Enjoy! I have great memories of camping on Lake Sakakawea as a kid. I imagine it would be great for sailing. A couple hundred miles long, ten miles wide, windy, and you'll have it almost all to yourself.

One word of warning, the lake can have quite a strong seiche effect where the water level is higher on the downwind side of the lake and lower on the upwind side. I remember having to move the tent one night when the wind shifted and the water level came up by over a foot and started flooding our campsite.

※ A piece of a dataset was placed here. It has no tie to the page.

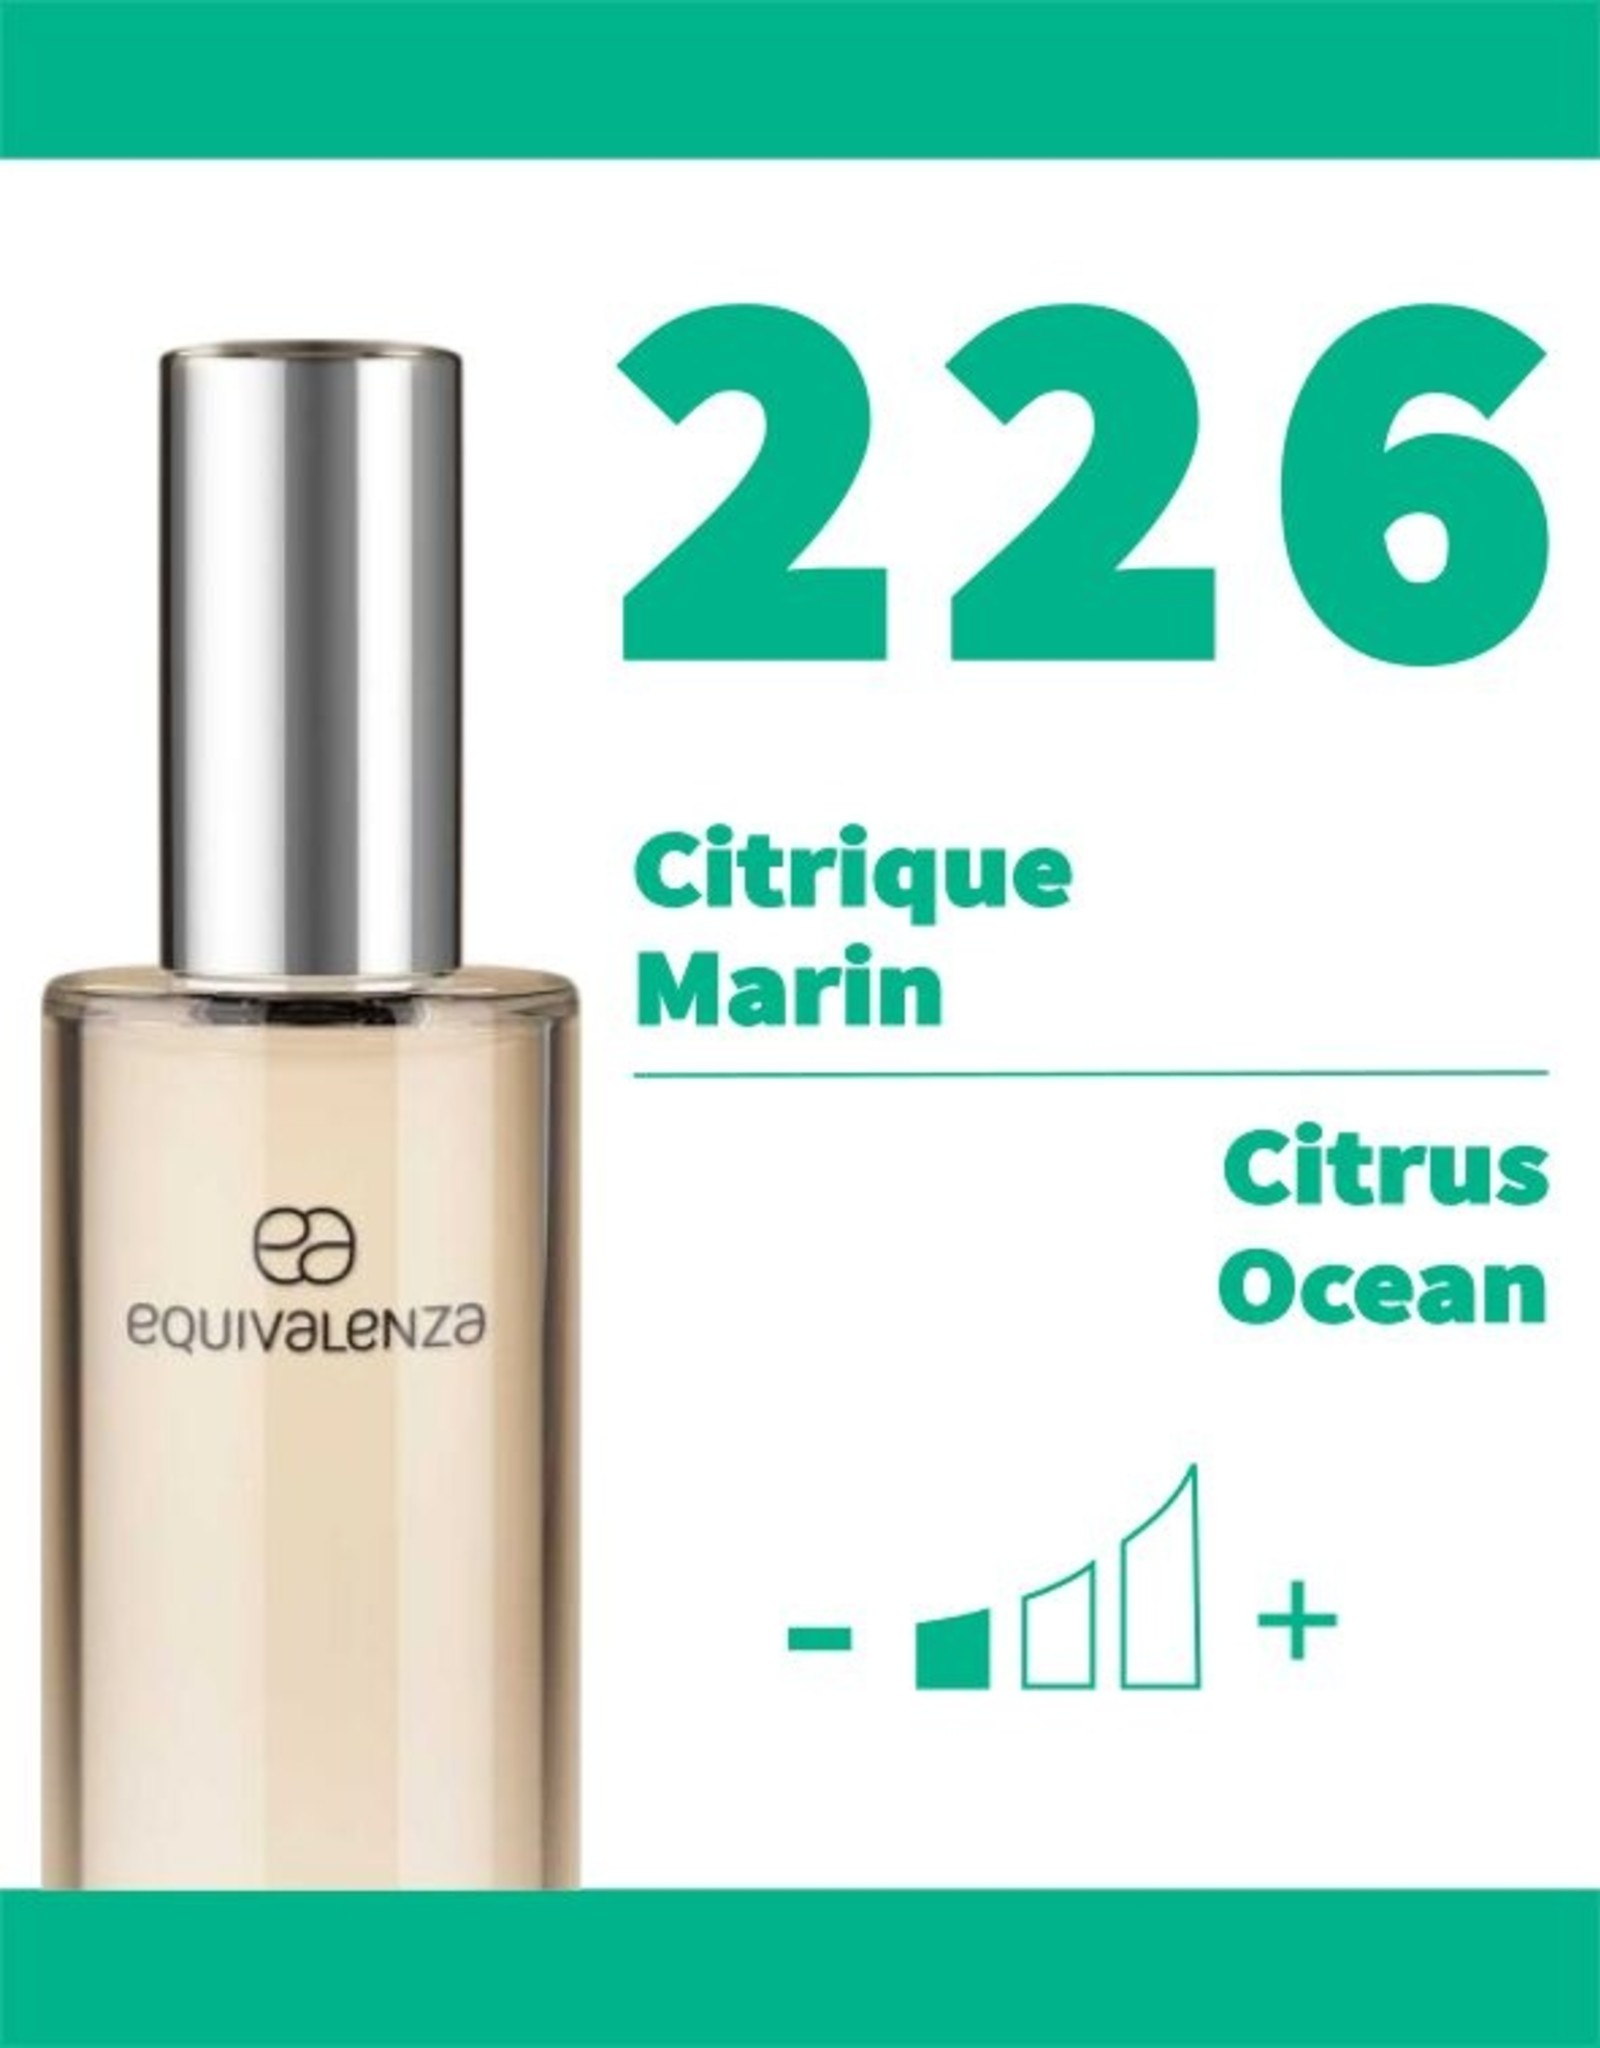 Equivalenza Citrus Ocean 226

What this means to sailors is that on the other side of the lake the water probably dropped a foot, so if you had anchored in shallow water you might now be aground.

Anyway, get a boat and come back here to post stories! I would love to hear some adventures sailing on Lake Sakakawea.

(Also, I dig the 701 in your handle)


----------



## Ward H (Jun 23, 2012)

Taking a look at sailboatdata.com the draft of the 240 is just a couple more inches than the 25. OAL is a couple inches more on the 25. The cabin top shape is different. The cabin layout is probably what you need to decide on.
One thing I noticed on the photo of the 240 is a lack of life lines around the boat. The photo shows bow pulpit and stern hoops. The photo of the 25 shows bow pulpit with life lines and stanchions. The lines appear to end at the cockpit.
I know the 1980 25 has full lifelines and bow/stern pulpits. You might want to consider full life lines if your kids will be wanting to walk the deck.


----------